Clinton's Democratic allies discount the dire suggestions that the president may have trouble reestablishing his leadership. "My personal belief is that we tend to write off the strength of a president too easily," said Al From, president of the centrist Democratic Leadership Council.
From said Clinton has "incredible support for his policies" and has "always delivered" on "big things he's promised." From said the president will have two big opportunities to refocus his presidency in the coming months, first with the commission on Medicare that is due to report later in the year and by spearheading efforts to reform Social Security. "I don't think this presidency is over by a long shot," he said.
But a Republican from a previous administration cautioned that Clinton may not enjoy the strength needed to carry out such challenges. "The question is whether those in the political process congressmen and senators will abide by his wishes and believe in what he is saying," this Republican said. "There are many who would prefer to stand on the sidelines because they don't know whether or not he can restore his credibility."
Few politicians have proven as resilient as this president, and there are strengths to draw on as he begins to rebuild. One is the economy, despite the current wobbles in the stock market and the Russian and Asian problems. "He has to tie everything to his strength, which is the buoyancy of the economy, of the country," Dallek said. "It's got to be the linchpin of what he does as he goes forth, but it's not easy."

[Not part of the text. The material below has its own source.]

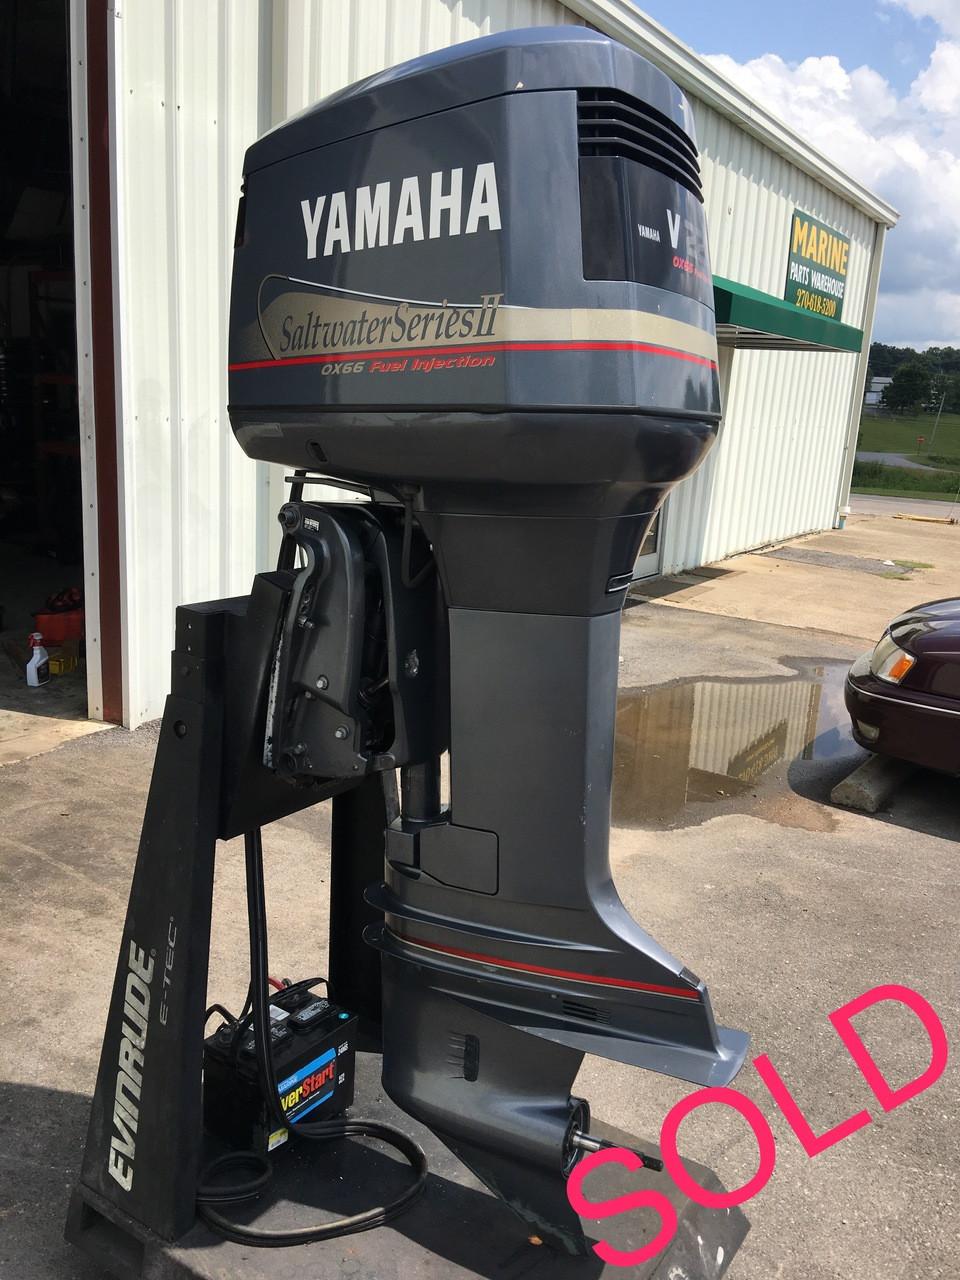 2001 Yamaha V225 Saler Series II OX66 Fuel Injection 3.1L V6 2 ... on yamaha solenoid diagram, yamaha motor diagram, yamaha ignition diagram, suzuki quadrunner 160 parts diagram, yamaha steering diagram, yamaha wiring code, yamaha schematics,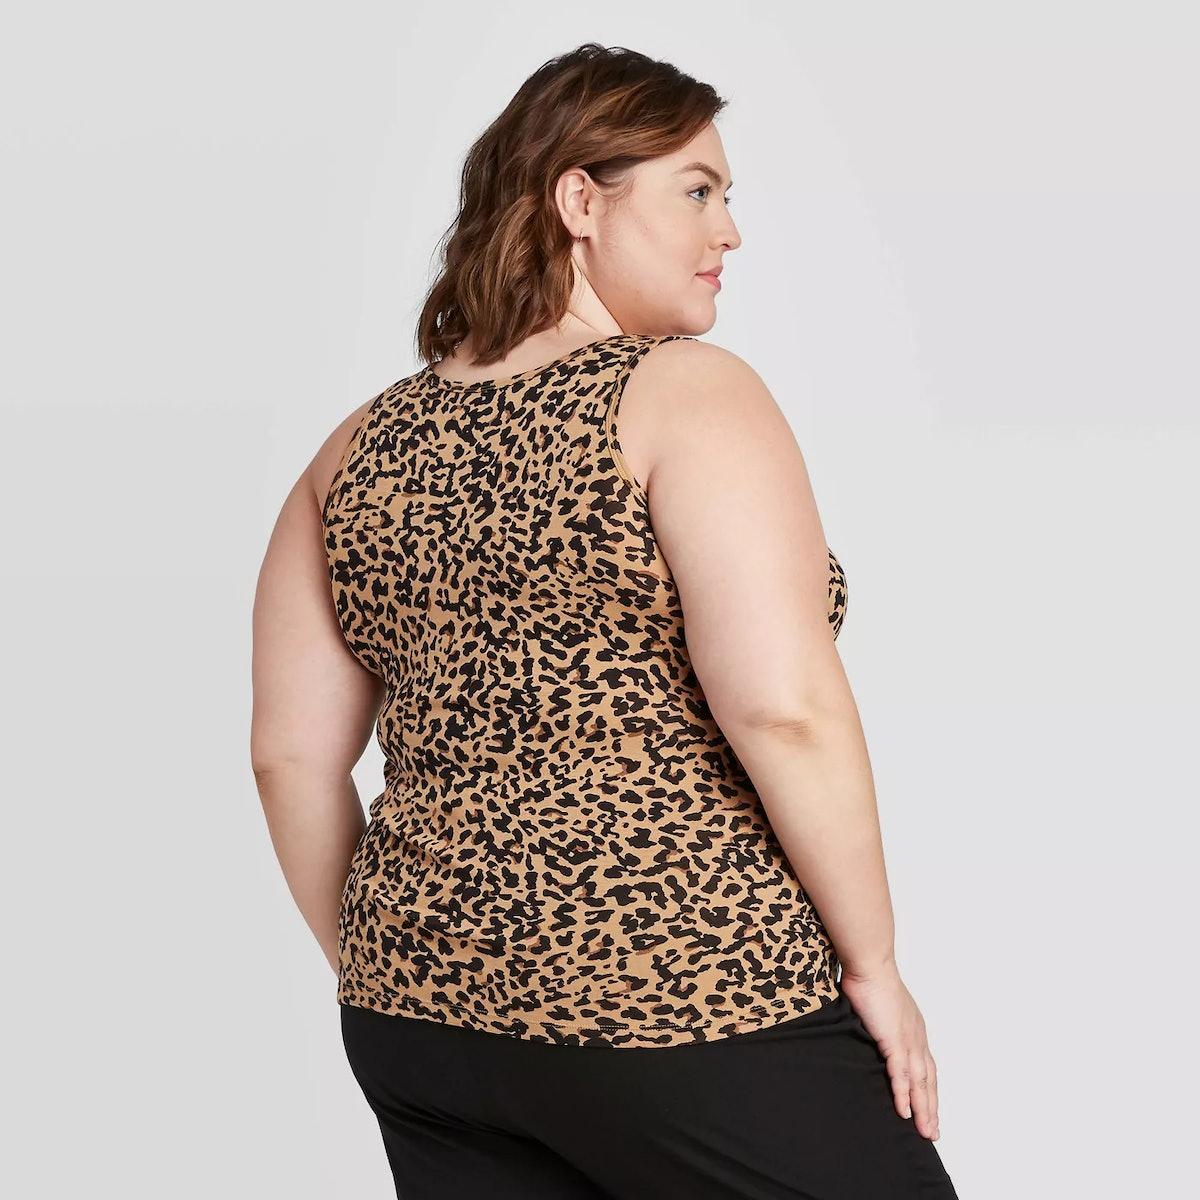 Ava & Viv Women's Plus Size Perfect Tank Top

Others believe he needs a fresh face on his administration, an infusion of talent from outside the White House to signal to the American people that he is beginning anew. Others said he must do more than admit he misled the country and express his regret, that he must truly signal a break with the patterns of his past.
The president retains his rhetorical gifts, his ability to connect with ordinary voters and a determination to carry on in the face of adversity. But the Lewinsky investigation represents the most difficult ordeal of his presidency. Even if what he said yesterday helps to put the Starr investigation behind him a big if it may complicate his desire to restore his strength as president.
Presidents, Beschloss said, must be able to rally the American people at moments of crisis and to ask sacrifice to accomplish great goals. "There is a possibility," he said, "that what was happening [yesterday] will mute that voice and make it much less possible for him to do that."